The data shown here, indicates that as the ring shrinks from a perimeter of ~26 µm to ~13 µm, relatively few bundles are observed, despite ~half of the f-actin being lost during this first period of constriction. There are three implications from this finding. First, it suggests that at early stages, "classical" disassembly is probably responsible for the loss of actin and ABPs. Second, unless ~1/3 of the actin is lost by extrusion during these early stages, the value of 68% of total ring lost by extrusion seems quite high (the solution to this appears to be that this value is calculated from rings that have already constricted significantly – a 3.5 µm diameter ring is not a typical early ring, other data in the manuscript indicates that an early ring is ~ 8 µm in diameter). Thus, this calculation appears somewhat misleading. Third, the manuscript should discuss how these two processes likely work together during ring constriction.

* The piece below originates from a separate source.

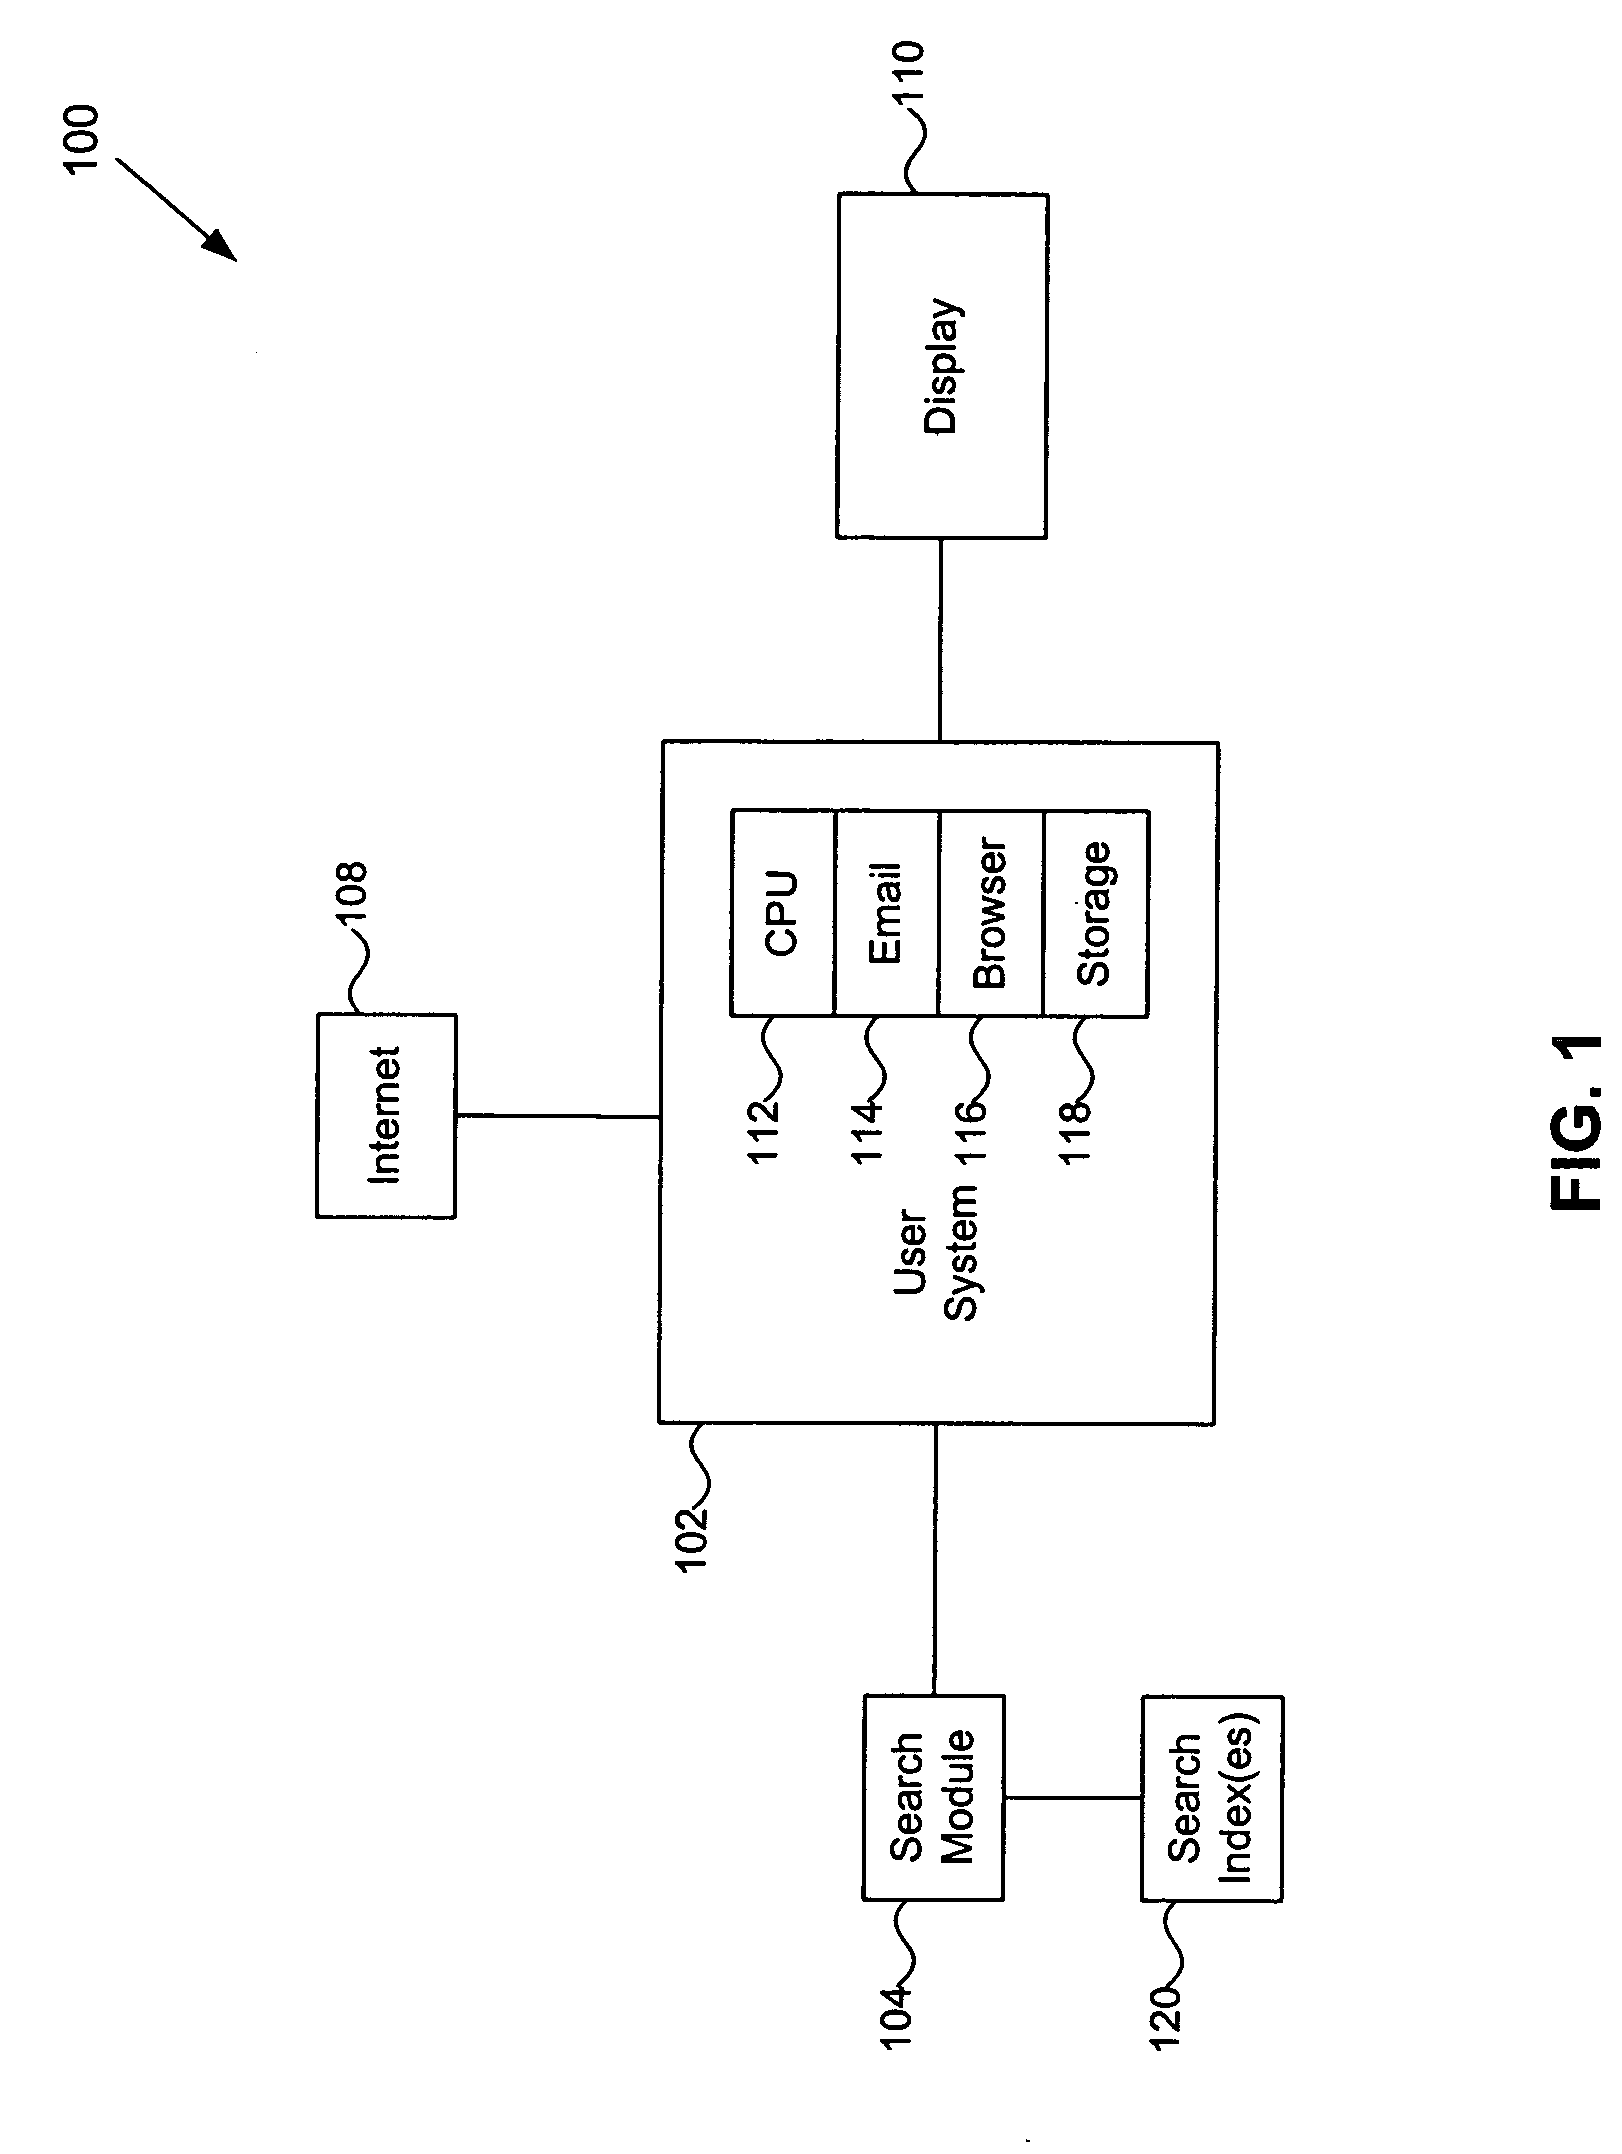 Method, apparatus, and computer program product for indexing, synchronizing and searching digital data

We have read this comment and our manuscript carefully, and do not understand how the reviewer arrived at ~ half of the F-actin being lost during this first period of constriction. We chose early rings as those with a diameter of ~ 3.5 µm since in other experiments in Figure 2C, we only observed bundles when rings reached a diameter of ~ 2.5 µm. Since the goal of the experiment suggested by reviewer 1 was to estimate the fraction of the ring-associated actin lost through bundle expulsion, an initial diameter of ~ 3.5 µm seemed like a good starting point. We therefore do not believe the reported calculations are misleading. As to the issue of whether actin is also lost through other “classical” disassembly pathways, this is an interesting and open question. Further analysis, using better probes for the actin cytoskeleton will be required to fully address this possibility.

As suggested by this reviewer, we have made a mention of these considerations in the revised manuscript.